Q: On 15 Jan 1992, some provisions of the Special Provision for the Supreme
Court and the Lower Court’s General Appropriations were vetoed by the
President because a resolution by the Court providing for appropriations
for retired justices has been enacted. The vetoed bill provided for the
increase of the pensions of the retired justices of the Supreme Court, and
the Court of Appeals as well as members of the Constitutional
Commission. Is the veto of the President on that portion of the General
Appropriations bill constitutional?
A: No, the veto of the President on that portion of the General Appropriations bill is
not constitutional.
The Justices of the Court have vested rights to the accrued pension that is due to
them in accordance to Republic Act 1797. The president has no power to set
aside and override the decision of the Supreme Court neither does the president
have the power to enact or amend statutes promulgated by her predecessors
much less to the repeal of existing laws.

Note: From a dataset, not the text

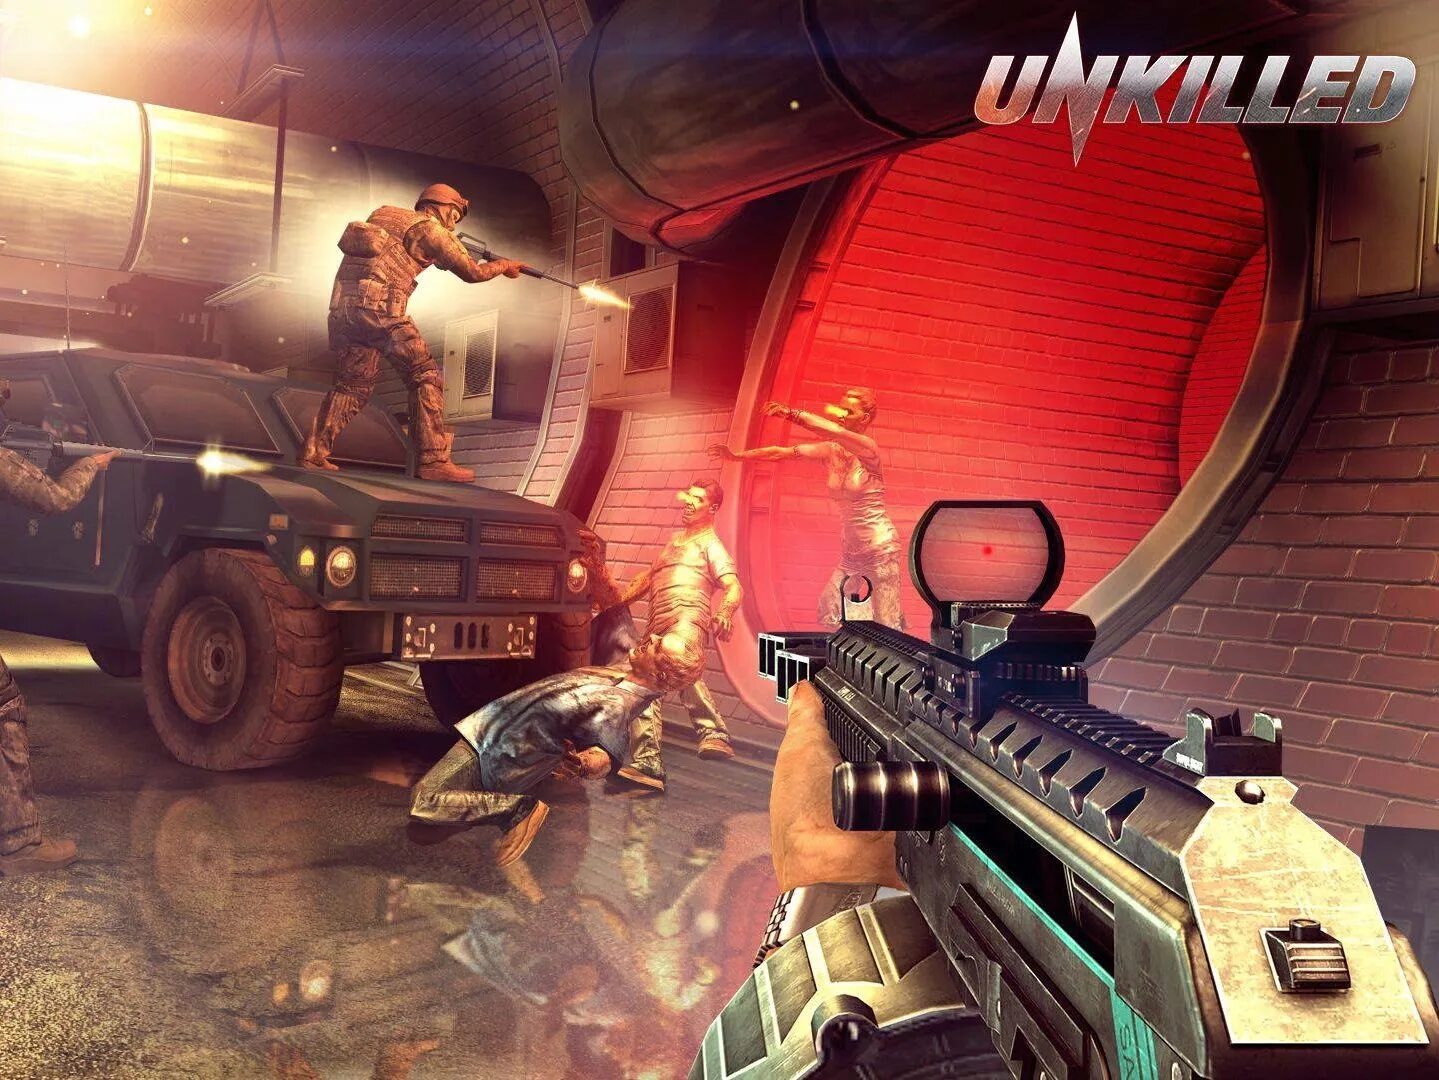 Unkilled. Игры Unkilled. Unkilled Zombie games. «Unkilled - Zombie fps shooting game» уууууууууууууууууууууууууууууууууу. Много денег много золота стрелялки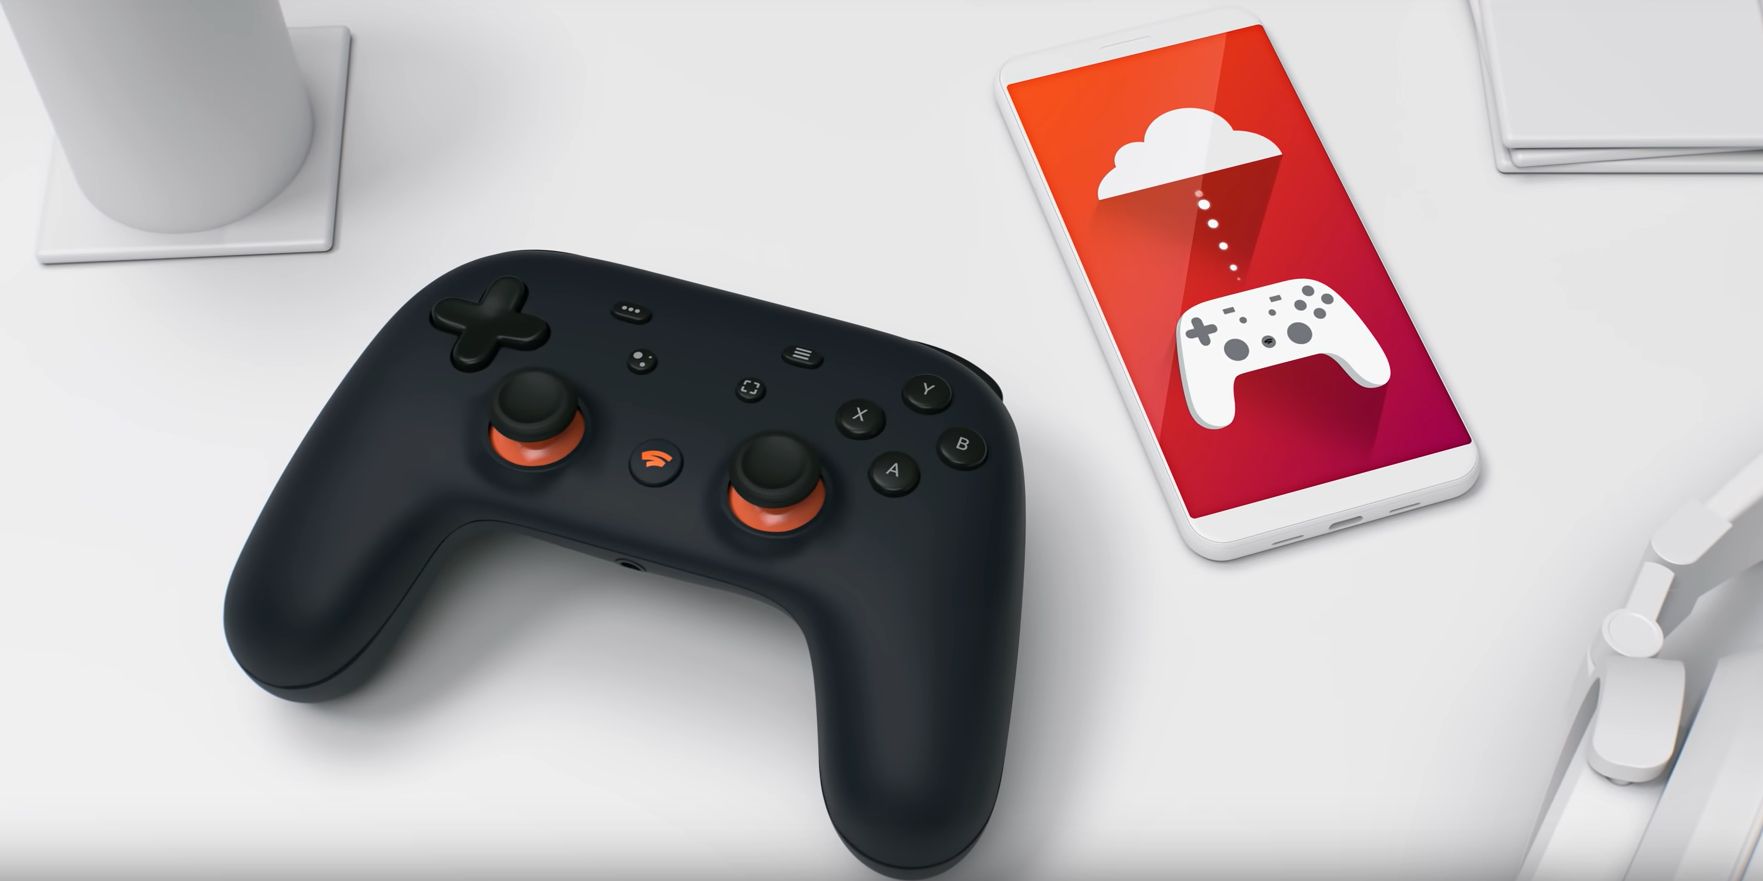 Google Stadia’s Lack of Games Due To Poor Incentives & Company Distrust

The veto is unconstitutional since the
power of the president to disapprove any item or items in the appropriations bill
does not grant the authority to veto part of an item and to approve the remaining
portion of said item. (Bengzon v. Drilon, G.R. No. 103524, A.M. No. 91-8-225-
CA, [April 15, 1992], 284 PHIL 245-275)
This rule corrects the Presidential practice under the 1935 Constitution of
releasing veto messages long after he should have acted on the bill. It also
avoids uncertainty as to what new laws are in force. Except under the par (2),
Section 27 of Art 6 of the Constitution which grants the President power to veto
any particular item or items in an appropriation, revenue or tariff bill. The veto in
such case shall not affect the item or items to which he does not object.